#### [What is being asked]
The answer should consist of the full listing below, repeated exactly and free of pictures.

#### [The data]
# # # # # # #
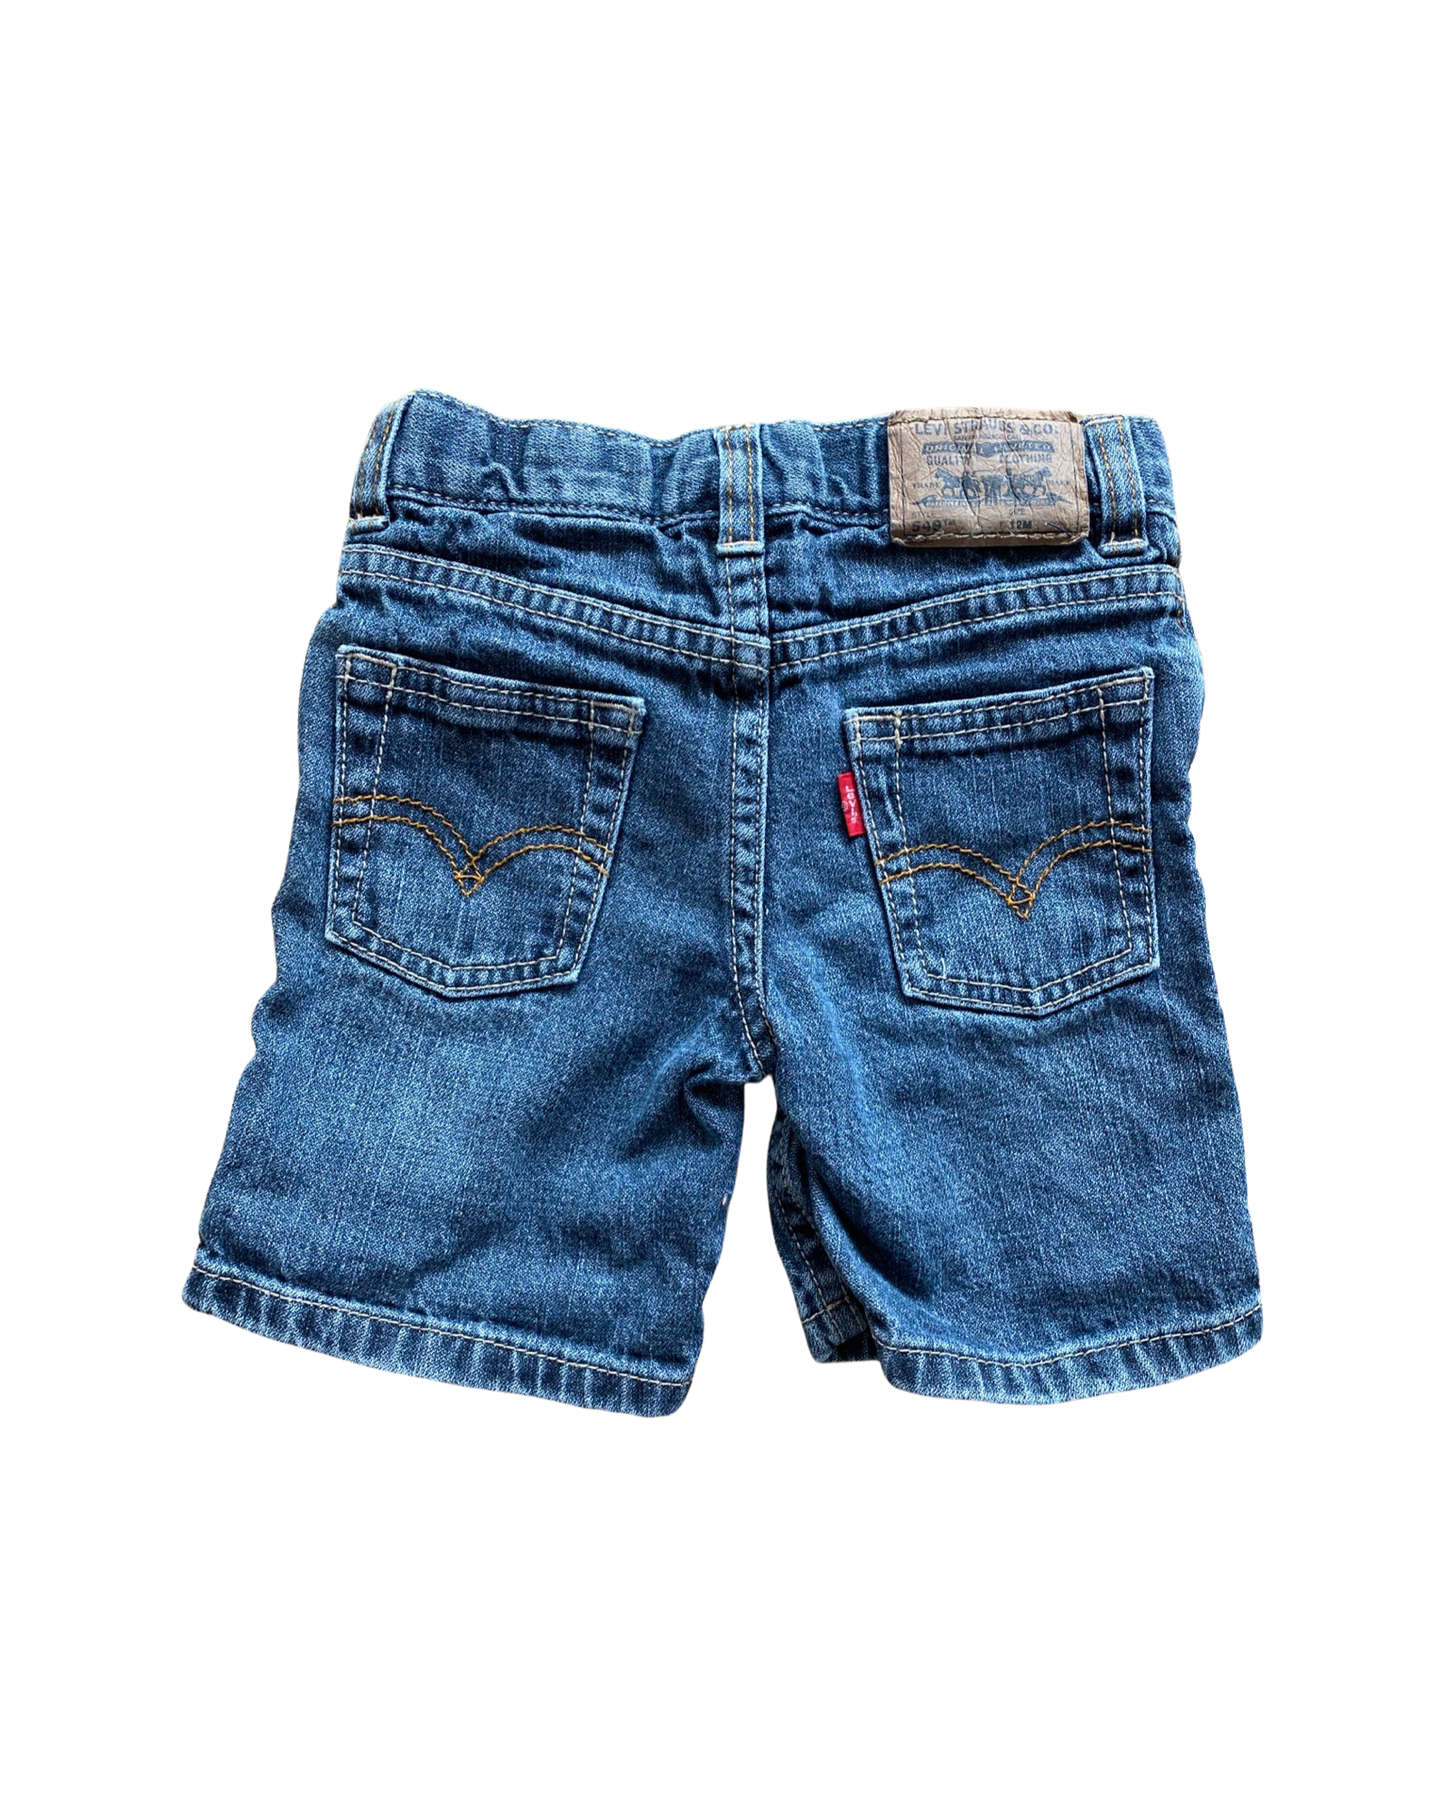 Levi's 549 dark vintage wash denim shorts (9-12mths)
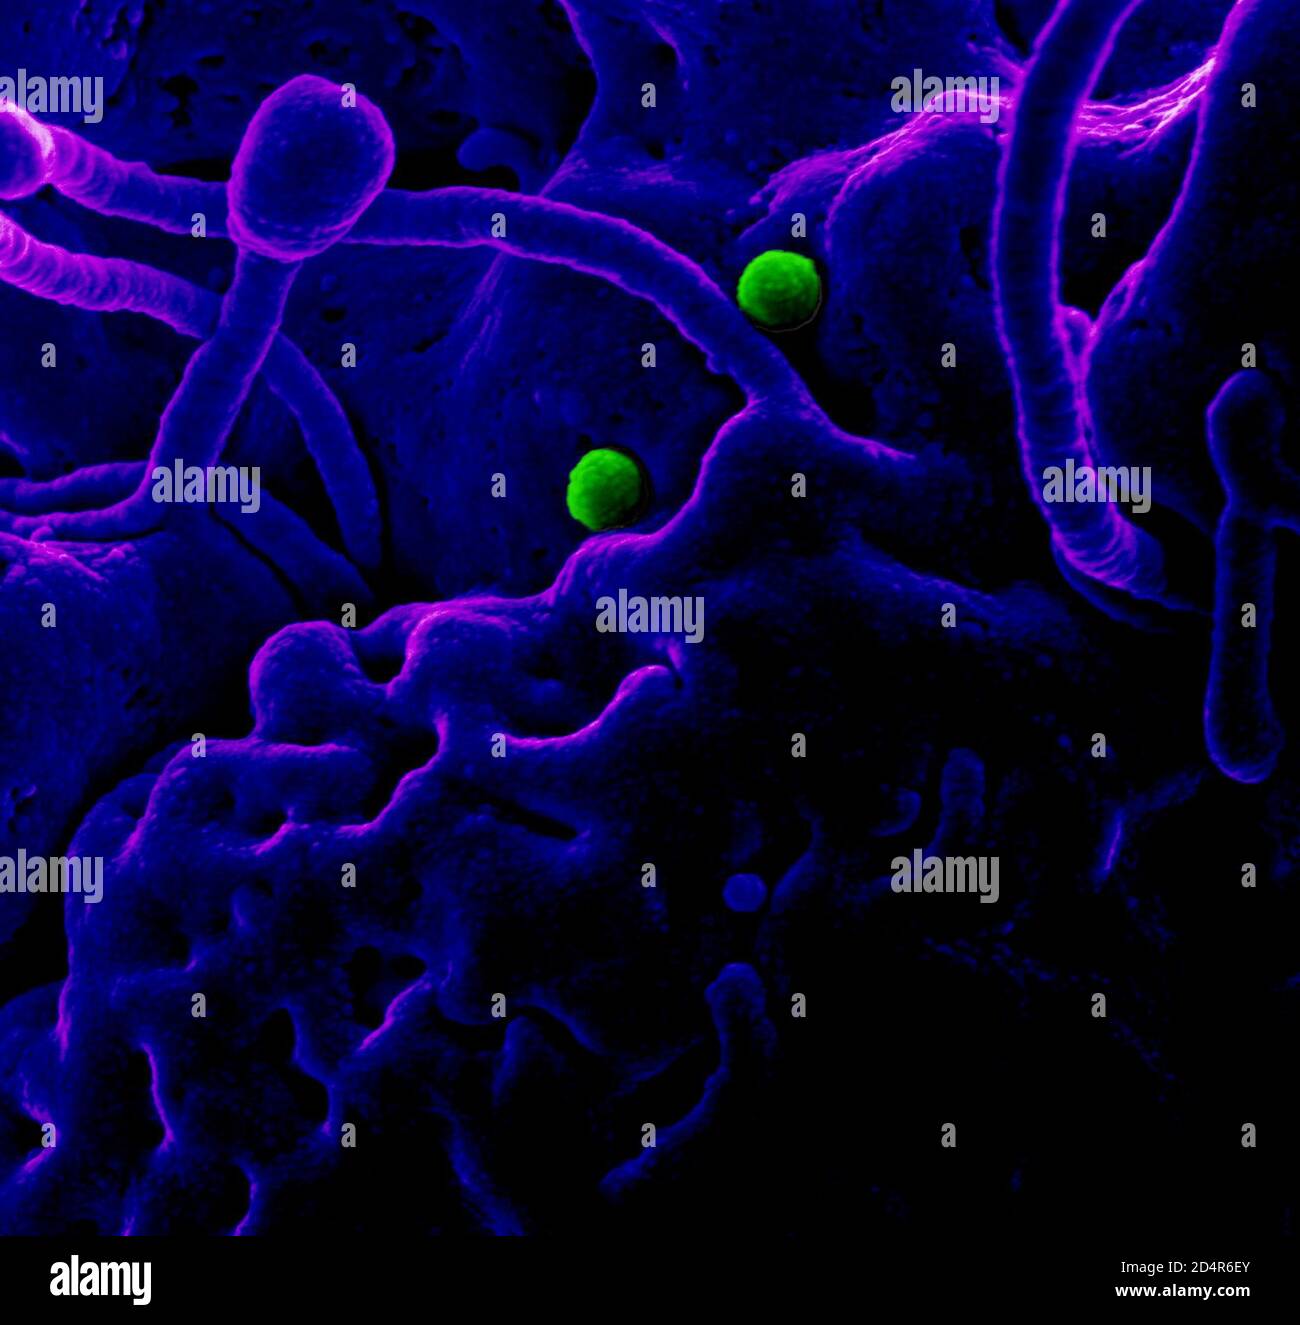 Particelle DI MERS-COV su cellule epiteliali di cammello ; particules MERS-COV sur des cellules épithéliales de chameau Foto Stock
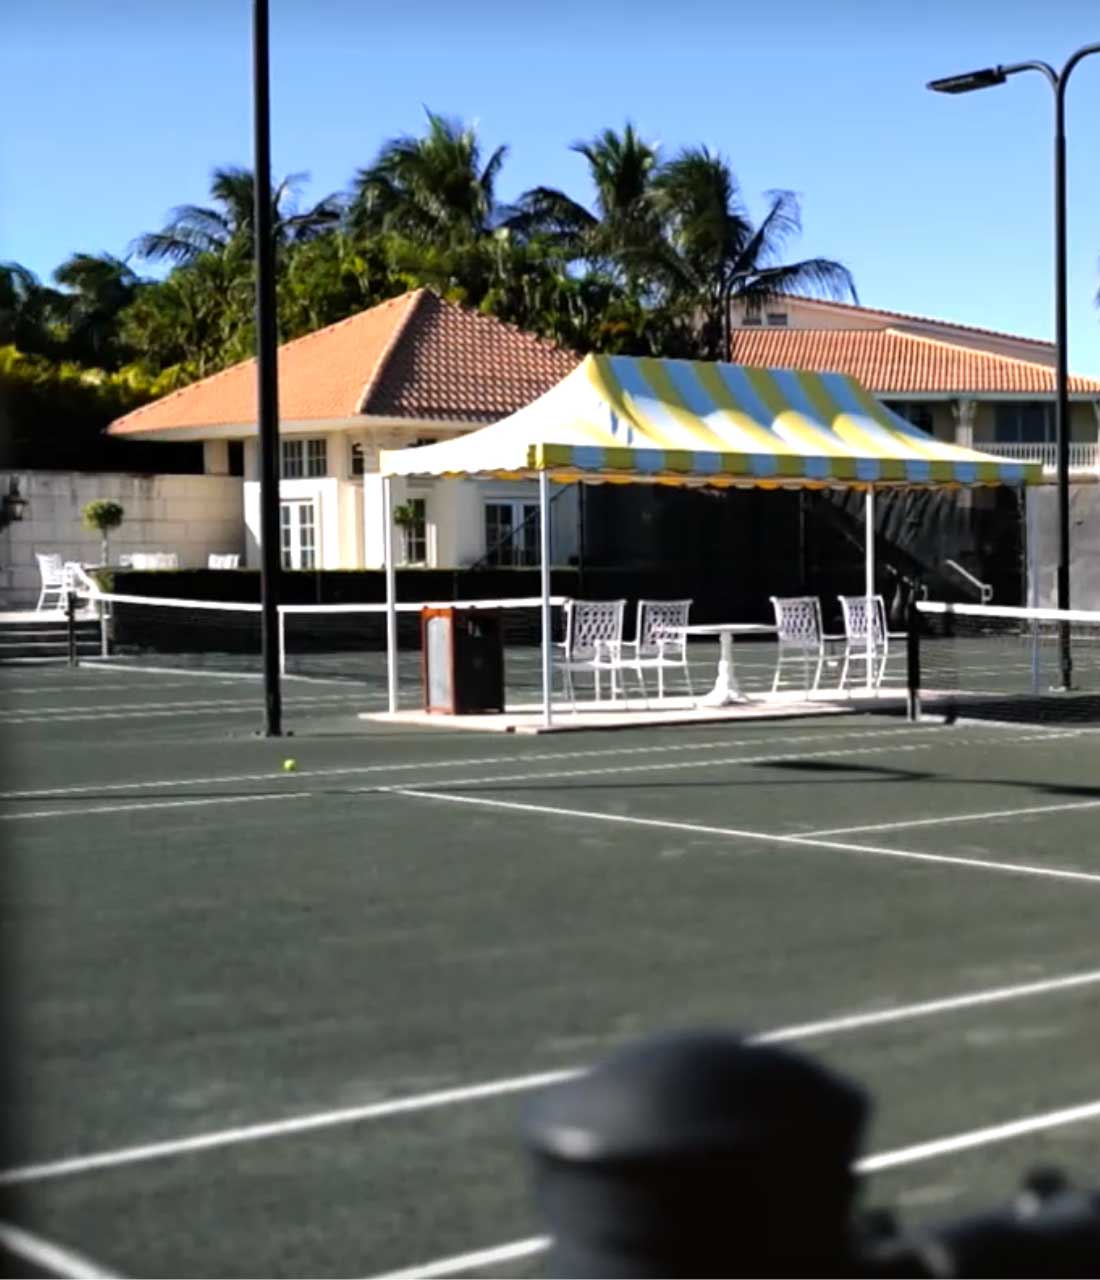 Luxury Wellness Center in Miami, FL Location with Tennis
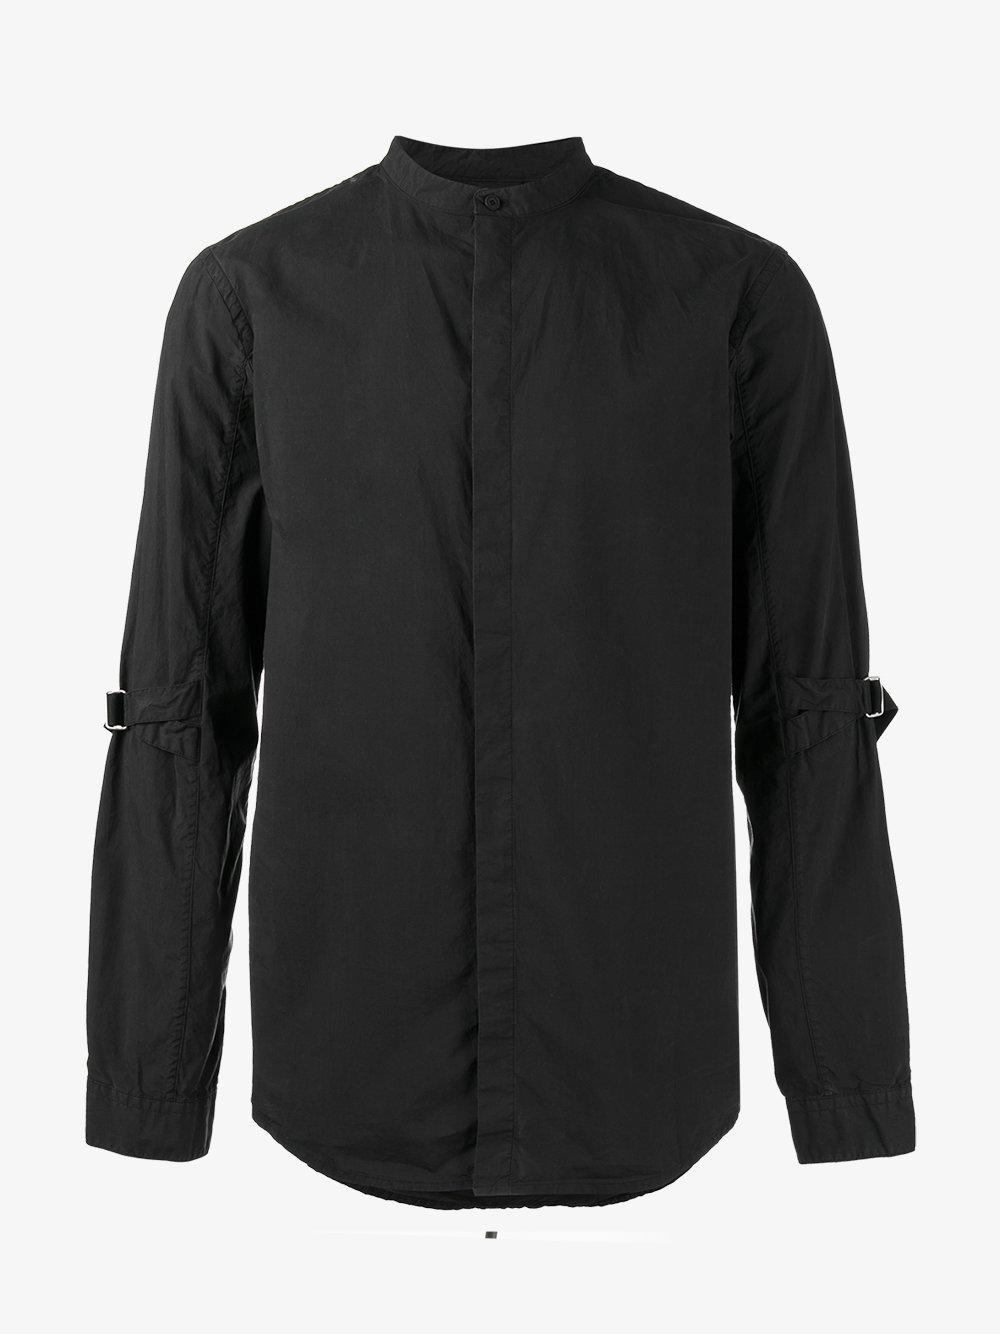 Lyst - Helmut Lang Collarless Strap Shirt in Black for Men
# # # # # # #
#### [Exercise result]
 Levi's 549 dark vintage wash denim shorts (9-12mths)
 Particelle DI MERS-COV su cellule epiteliali di cammello ; particules MERS-COV sur des cellules épithéliales de chameau Foto Stock
 Luxury Wellness Center in Miami, FL Location with Tennis
 Lyst - Helmut Lang Collarless Strap Shirt in Black for Men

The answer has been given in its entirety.